One of the most interesting undercurrents at last week's Association of the US Army conference was worried talk about whether the recession or downturn or whatever we're calling it will affect defense spending.
Army Secretary Pete Geren was relatively hopeful. Congress, he told reporters, understands what the Army is trying to do and largely supports it. FCS, the Army's premier modernization effort, is in good shape and has strong congressional support. As you can tell, Geren was all about Congress and declined to talk about the larger economic issues.
As I went from display to display on the floor I spoke with about a dozen industry sources about the economy and the budget. Most were gravely concerned about their 401Ks and a bit less worried about the budget. Still, they all expressed concern that the Army will have to begin choosing between so-called reset choices and those of modernization. This is one of several major friction points in the coming budget. First, the services have all made noises about how they are going to build the spending that has been in supplementals into their regular budget baselines. That's one place for tradeoffs. Then there is the squeeze that will probably result from lower government revenue figures. There will be political pressure to withdraw from Iraq and thus lower operational costs. Operational and maintenance money has been very important to the Army, in particular. And then there is the normal budget wrangling. That offers an awful lot of places where Army -- or any other service's -- spending can be whittled away.

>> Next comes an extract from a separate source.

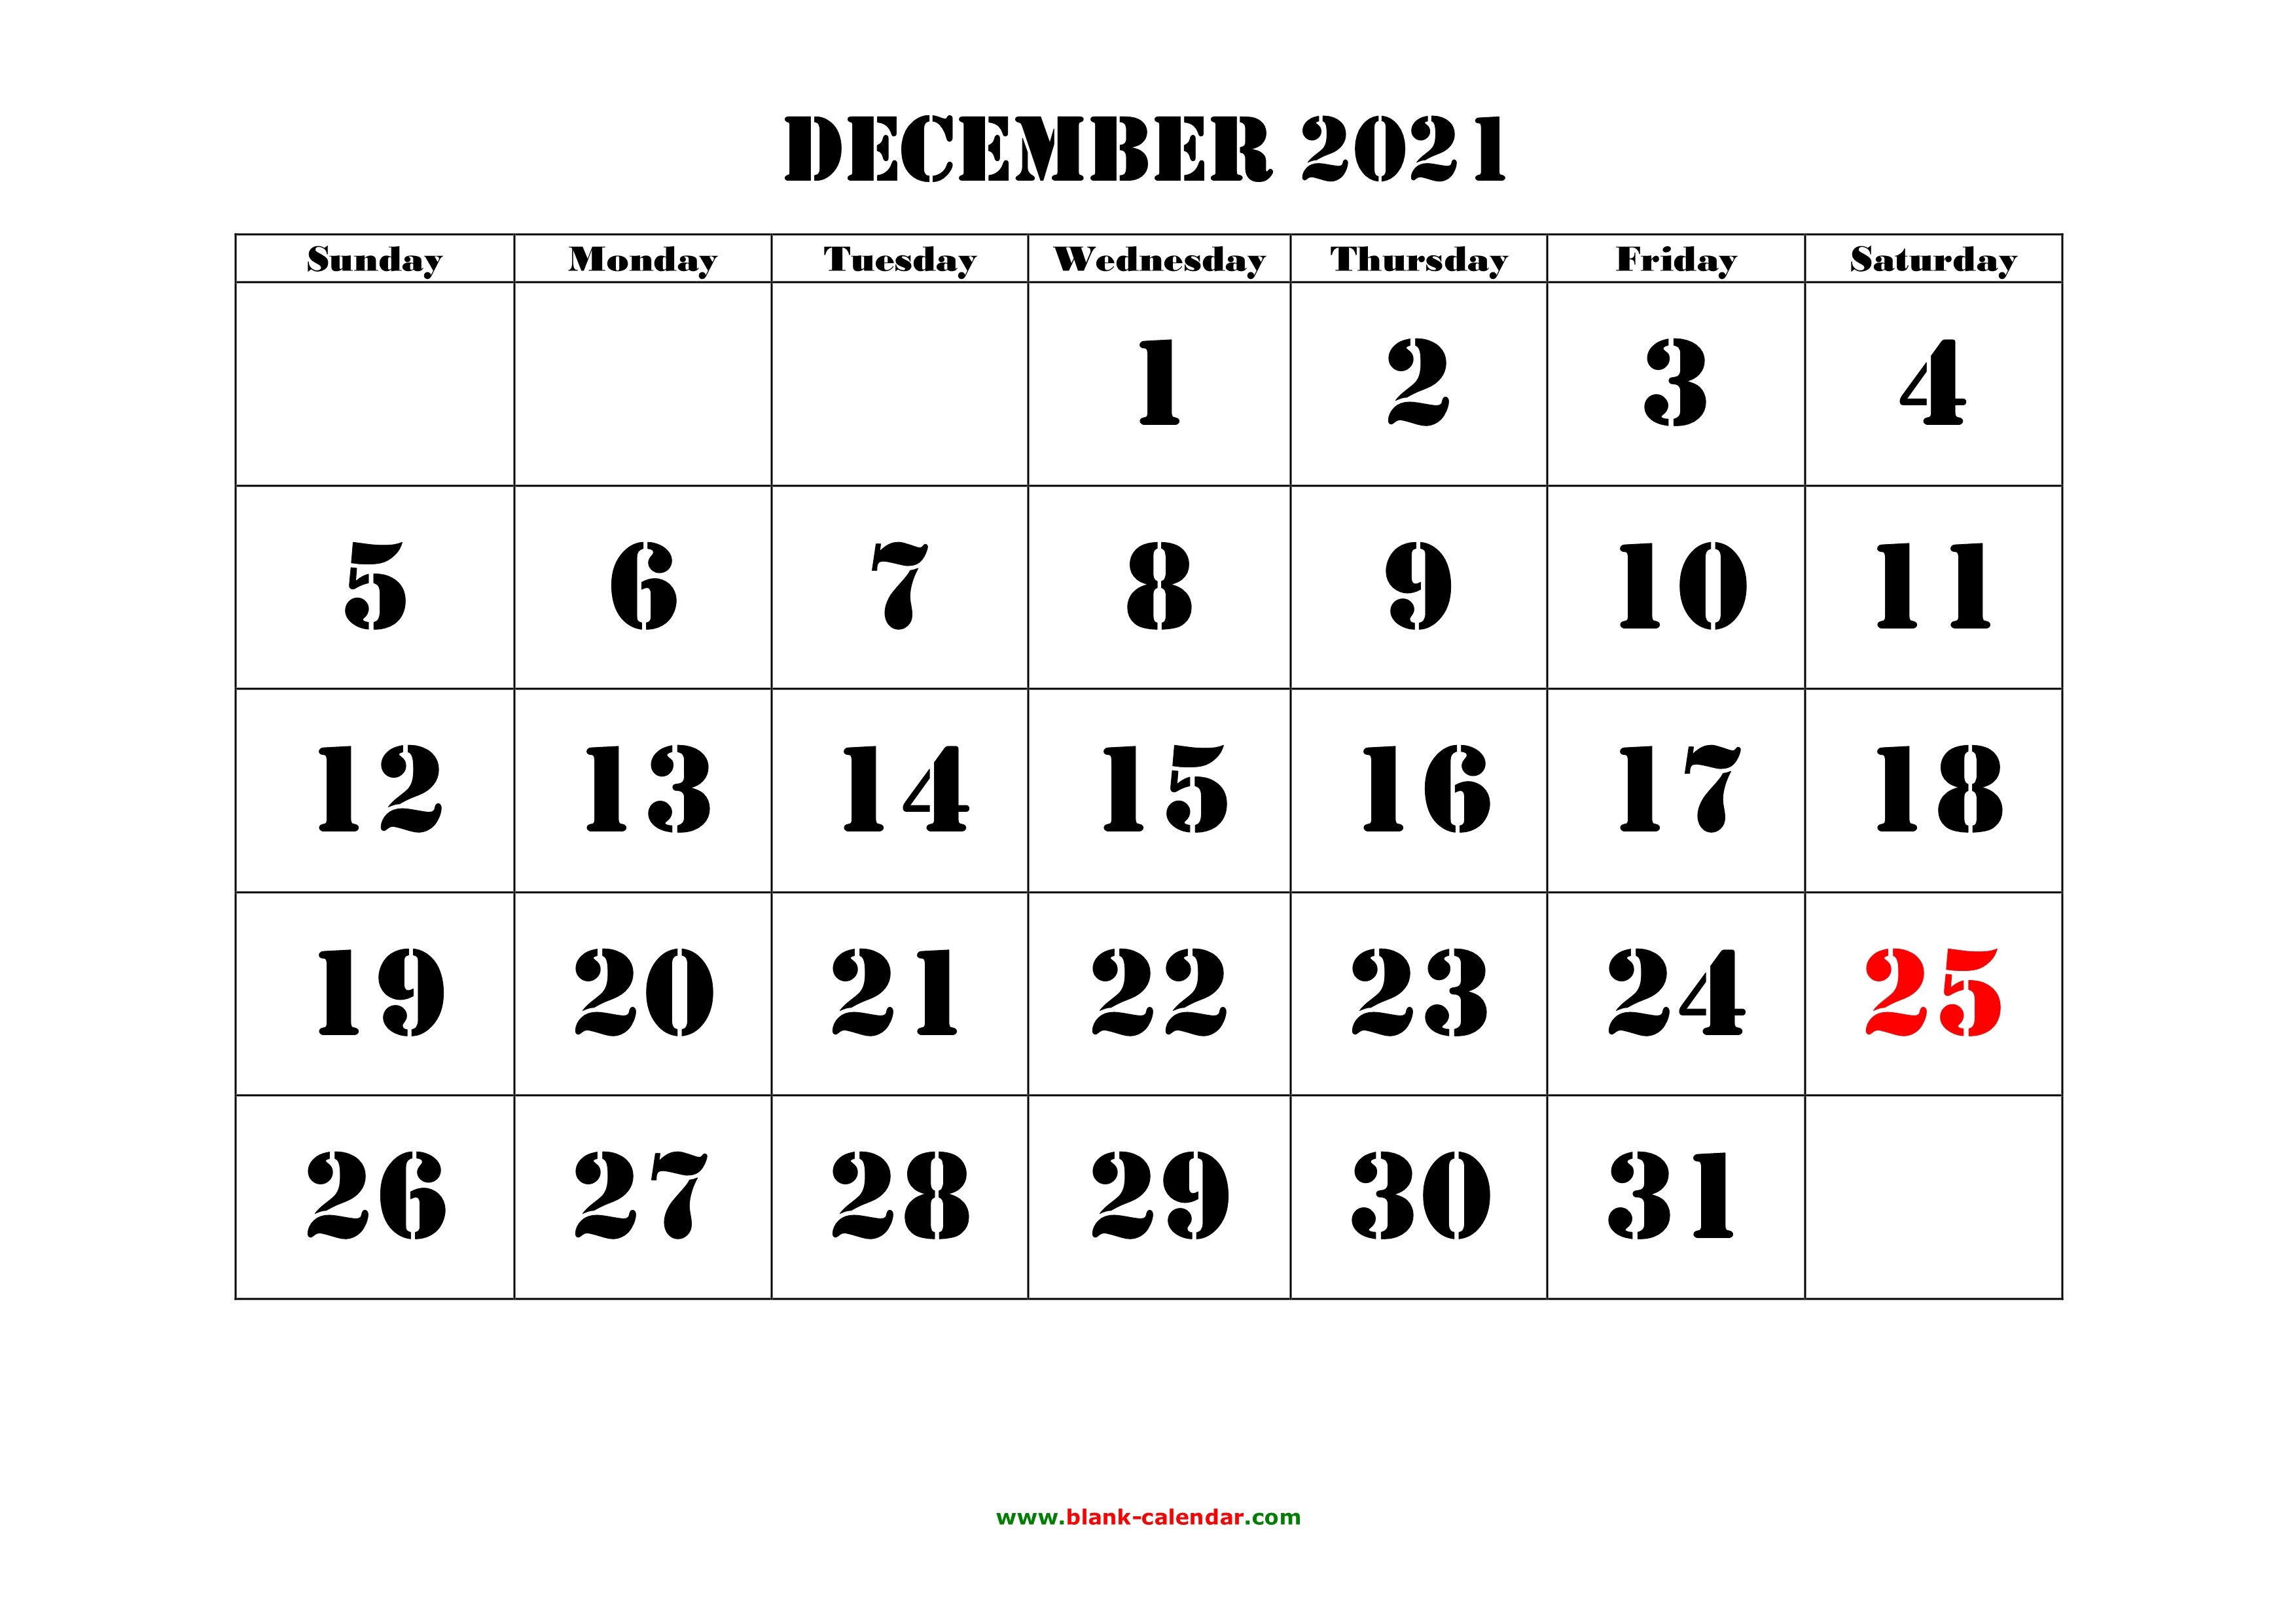 dec 2021 calendar with holidays Free Download Printable December 2021 Calendar Large Font Design Holidays On Red dec 2021 calendar with holidays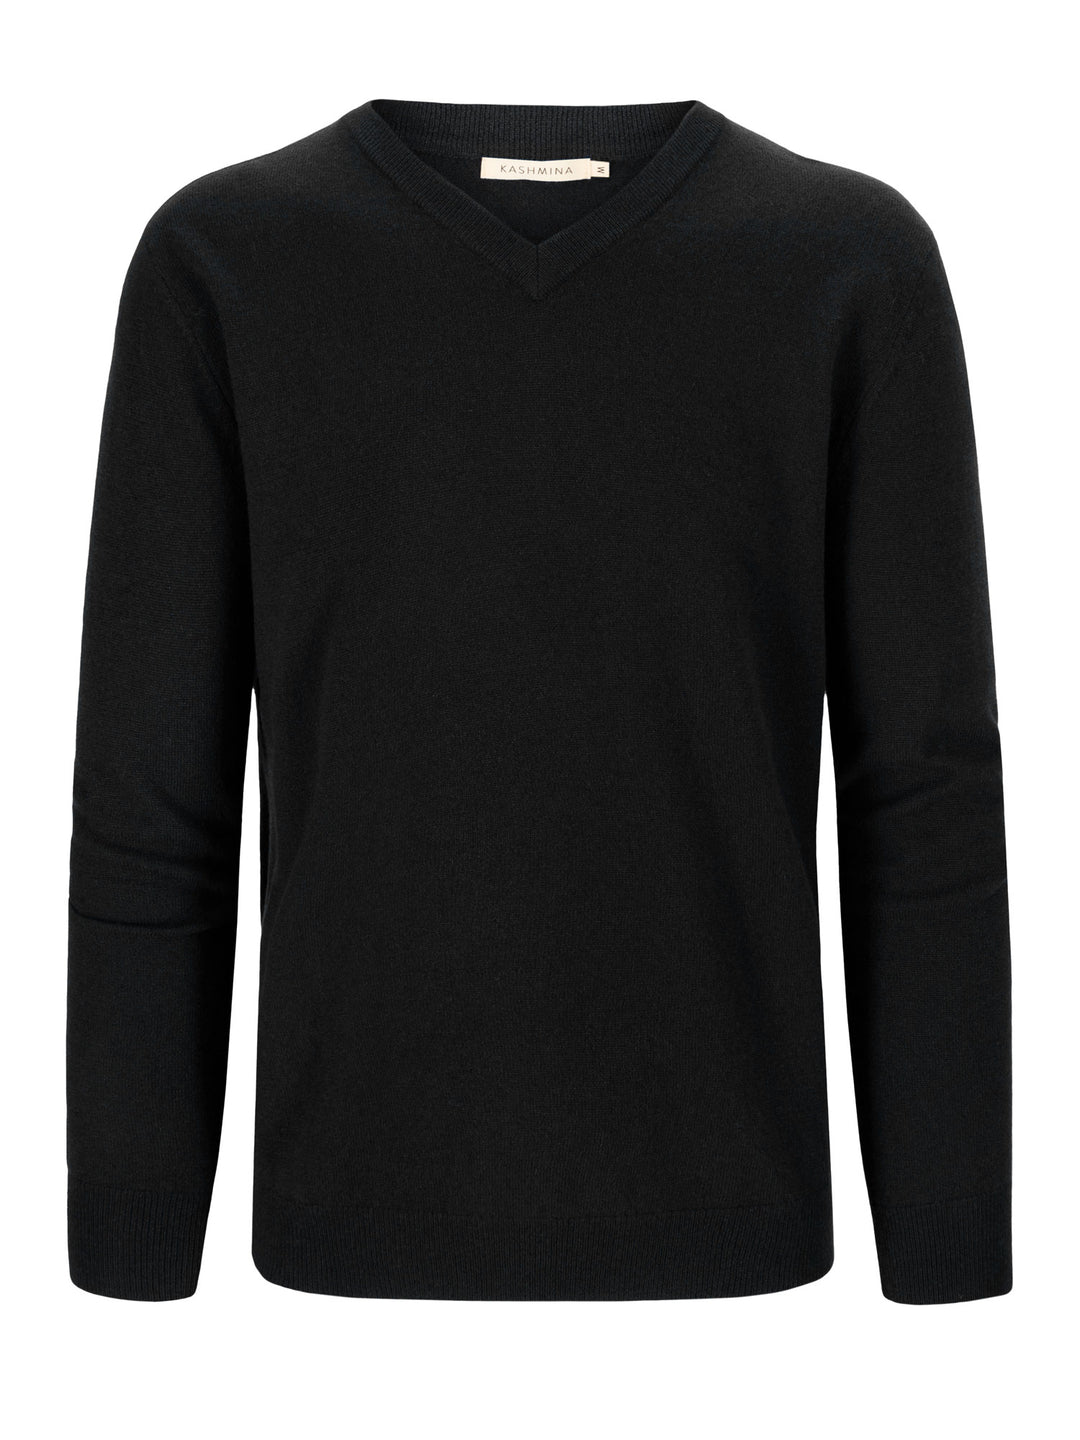 Black v-neck cashmere sweater in 100% cashmere. Scandinavian design by Kashmina.

And the Army is going to face skepticism over FCS even if the economy does hold relatively firm during first three months of next year. For example, when I asked Maj, Gen. Charles Cartwright during the big FCS briefing whether House Armed Services Committee Chairman Rep. Ike Skelton (D-Mo.) supported the Army's approach on FCS, the general offered all sorts of explanations about how the program was on track and, in the best tradition of message management, avoided issuing a potentially damaging statement. To his credit, Cartwright did it with style and humor, even when pressed. The problem is that Skelton made clear after the Army scrambled to restructure the program and get more FCS components to troops as quickly as possible that he (and Airland Subcommittee Chairman Rep. Neil Abercrombie D-Hi.) worries the Army may be rushing the testing on the programs. Included among them are: Tactical and Urban Unattended Ground Sensors; the Non Line of Sight-Launch System, network kits for Humvees; the Class I Unmanned Air Vehicle; and the Small Unmanned Ground Vehicle.
Of course, during AUSA reporters were watching the world's stock markets plummet day after day and no one knew whether there would be an upside any time soon. With the encouraging ballistic trajectories in the market so far this week, one could argue it's all moot except that the US economy already appeared headed to rough waters before the market plunges.